WASHINGTON (Reuters) – The U.S. Supreme Court allowed Donald Trump on Monday to keep a Democratic member of the Federal Trade Commission away from her post for now, temporarily pausing a judicial order that required the reinstatement of the commissioner who the Republican president has sought to oust. 

The court’s action, known as an administrative stay, gives the justices additional time to consider Trump’s formal request to let him fire Rebecca Slaughter from the consumer protection and antitrust agency prior to her term expiring.

The stay was issued by Chief Justice John Roberts, who handles emergency filings arising in Washington, D.C. Roberts asked Slaughter to file a response by next Monday.

The Justice Department made the request on Thursday after Washington-based U.S. District Judge Loren AliKhan blocked Trump’s firing of Slaughter. AliKhan ruled in July that Trump’s attempt to remove Slaughter did not comply with removal protections in federal law. Congress put such tenure protections in place to give certain regulatory agencies a degree of independence from presidential control.

The U.S. Court of Appeals for the District of Columbia Circuit on September 2 in a 2-1 decision upheld the judge’s ruling, prompting the administration’s request to the Supreme Court.

Slaughter said she intends to “see this case through to the end.”

“In the week I was back at the FTC it became even more clear to me that we desperately need the transparency and accountability Congress intended to have at bipartisan independent agencies,” Slaughter said.

An FTC spokesperson declined to comment.

The lower courts ruled that the statutory protections shielding FTC members from being removed without cause conform with the U.S. Constitution in light of a 1935 Supreme Court precedent in a case called Humphrey’s Executor v. United States.

In that case, the court ruled that a president lacks unfettered power to remove FTC commissioners, faulting then-President Franklin Roosevelt’s firing of an FTC commissioner for policy differences.

The administration in its Supreme Court filing argued that “the modern FTC exercises far more substantial powers than the 1935 FTC,” and thus its members can be fired at will by the president.

The court in a similar ruling in May said the Constitution gives the president wide latitude to fire government officials who wield executive power on his behalf.

The administration has repeatedly asked the justices this year to allow implementation of Trump policies impeded by lower courts. The Supreme Court, which has a 6-3 conservative majority, has sided with the administration in almost every case that it has been called upon to review since Trump returned to the presidency in January.
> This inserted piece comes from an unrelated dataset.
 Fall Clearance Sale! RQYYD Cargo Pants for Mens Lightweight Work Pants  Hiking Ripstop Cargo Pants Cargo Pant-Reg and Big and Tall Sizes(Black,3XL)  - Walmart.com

Slaughter was one of two Democratic commissioners who Trump moved to fire in March. No more than three of the five commissioners can come from the same party, and the FTC has operated since April with three Republicans at the helm.
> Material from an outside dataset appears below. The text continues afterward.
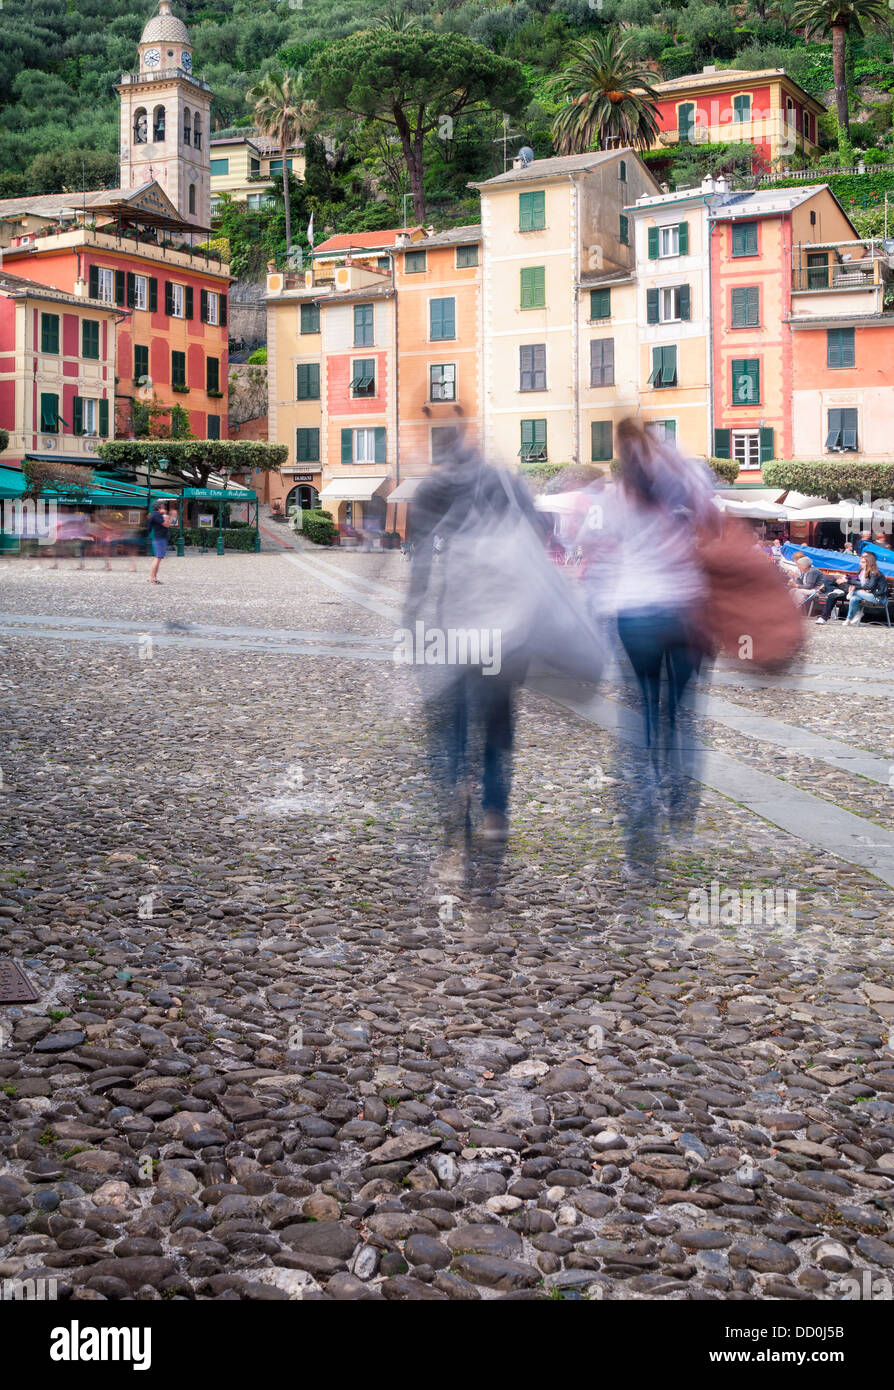 Portofino harbour front with motion blur of tourists, brightly coloured apartment buildings, outdoor cafes, church and belltower Stock Photo

FTC Chairman Andrew Ferguson has pursued conservative political goals at the agency, including holding a workshop on what it called the dangers of gender-affirming medical care for transgender youth, saying the agency would investigate whether employers coordinated diversity, equity and inclusion goals, and telling Google that filtering Republican fundraising emails as spam could be unlawful.

The FTC has also sought to investigate media watchdogs accused by Elon Musk of helping orchestrate advertiser boycotts of his social media platform X, and cleared Omnicom’s $13.5 billion acquisition of rival Interpublic after the companies agreed not to steer advertising spend based on political factors.

Ferguson, who was appointed as a commissioner by Democratic former President Joe Biden last year, often dissented from actions taken by then-FTC Chair Lina Khan, who carried out a liberal political agenda aimed at checking corporate power.